We will be now using post order traversal recursively, to find the subtrees having the total nodes sum equal to the value specified.

- If
**ROOT:=NULL**then return 0 - Traverse through the left subtre.
- Traverse through the right subtree.
- Check for
**LEFT[VALUE]+RIGHT[VALUE]+ROOT[VALUE]:=target sum.** - If yes then increment the count.
- Then return the sum of subtrees.
- Check whether the main root and the left and right subtree sum is equal to target sum.
- If yes then increment count.
- Return the count of subtrees with sum equal to target sum.

#### Pseudocode

```
INT helper(ROOT,TSUM,(REFERENCE)COUNT){
CHECK:( ROOT=NULL)
RETURN 0
LEFTSUBTREE :=helper(ROOT->LEFT,TSUM,COUNT)
RIGHTSUBTREE :=helper(ROOT->RIGHT,TSUM,COUNT)
CHECK TSUM=LEFTSUBTREE+RIGHTSUBTREE+ROOT[VALUE]
IF YES: COUNT:=COUNT+1
RETURN SUM
}
INT countSubtrees(ROOT,TSUM){
COUNT:=0
CHECK:( ROOT=NULL)
RETURN 0
LEFTSUBTREE :=helper(ROOT->LEFT,TSUM,COUNT)
RIGHTSUBTREE :=helper(ROOT->RIGHT,TSUM,COUNT)
CHECK TSUM=LEFTSUBTREE+RIGHTSUBTREE+ROOT[VALUE]
IF YES: COUNT:=COUNT+1
RETURN COUNT
}
```

#### Code

```
#include<iostream>
using namespace std;
//Binary tree structure
struct node
{
int data;
struct node* left;
struct node* right;
};
//for inserting a new node
node *newNode(int data){
node *temp=new node;
temp->data=data;
temp->right=NULL;
temp->left=NULL;
return (temp);
}
//helper function
//Function to return sum of subtrees and count subtrees with sum=x
int countSubtreesWithSumX(node* root, int x ,int& count)
{ if(root==NULL)
return 0;
int ls= countSubtreesWithSumX(root->left,x,count);
int rs= countSubtreesWithSumX(root->right,x,count);
int sum=ls+rs+root->data;
if(sum==x)
count++;
return sum;
}
//main function
//Function to return the count of subtrees whose sum=x
int countSubtreescheckroot(node* root, int x)
{
if(root==NULL)
return 0;
int count=0;
//return sum of left and right subtrees respectively
int ls= countSubtreesWithSumX(root->left,x,count);
int rs= countSubtreesWithSumX(root->right,x,count);
//checks if the root value added to sums of left and right subtrees equals x
if(x==ls+rs+root->data)
count++;
//returns the count of subtrees with their sum=x
return count;
}
int main() {
// input of sum to check for
int x;
cout<<"Enter the sum to check for"<<endl;
cin>>x;
//sample input of the binary tree
struct node* root=newNode(7);
root->left=newNode(3);
root->right=newNode(2);
root->left->right=newNode(6);
root->left->left=newNode(2);
root->right->right=newNode(11);
cout<<"Number of subtrees with specific sum :"<<" "<<countSubtreescheckroot(root, x)<<endl;
return 0;
}
```

#### Output

```
Enter the sum to check for
11
Number of trees with specific sum : 2
```

#### Output Explanation

```
the tree is : 7
/ \
3 2
/ \ \
2 6 11
//when helper function for left,right subtrees called
It deals with 3 and 2
/ \ \
2 6 11
//for left subtree
2!=11 and 6!=11
but 2+3+6= 11 so count=1 and returns sum of subtree.
//for right subtree
11==11
so count=count+1
=> count=2
returns sum = 11+2 = 13
//in main function
As leftsubtree+rightsubtree+root != sum
i.e. 13+11+7 > 11
so it returns the count = 2
hence
//in int main()
the output 2
```

## Question

#### In helper function why is the count argument declared as "int& count" ?

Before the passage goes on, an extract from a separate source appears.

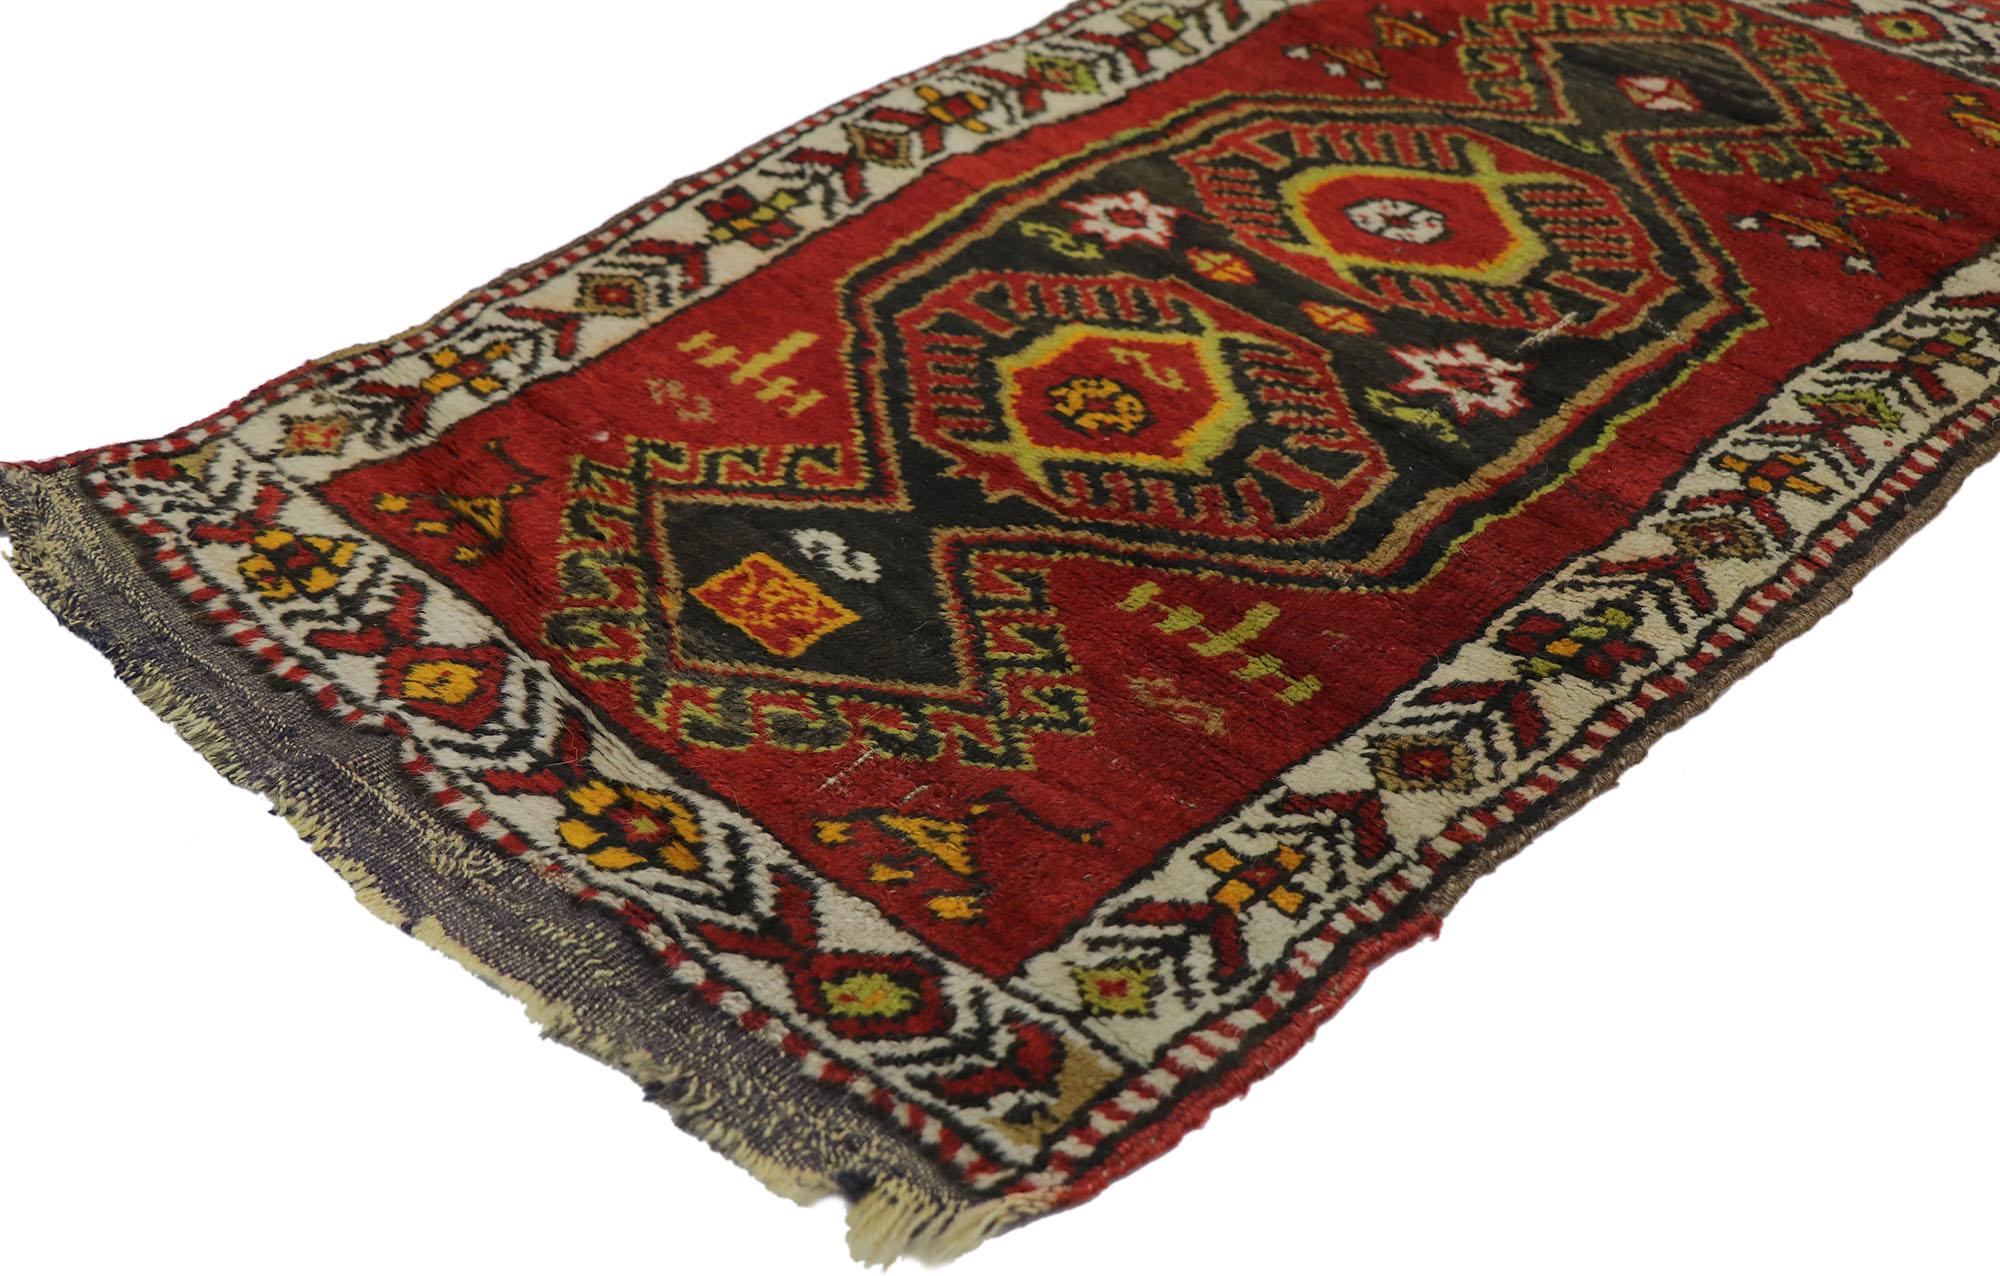 ?21694 antique Turkish Oushak rug with Tribal style 01'09 x 02'10. ??With its beguiling beauty and tribal style, this hand-knotted wool antique Turkish Oushak rug is immersed in Anatolian history. The abrashed red field features a hexagonal

#### Time and Space Complexity

Time complexity of this code is O(n) where n is the number of nodes of the binary tree and the space complexity of the problem is `O(h)`

where h is the height of the binary tree.

Now You will know how to count number of subtrees which sum up to a specific value. Thank you.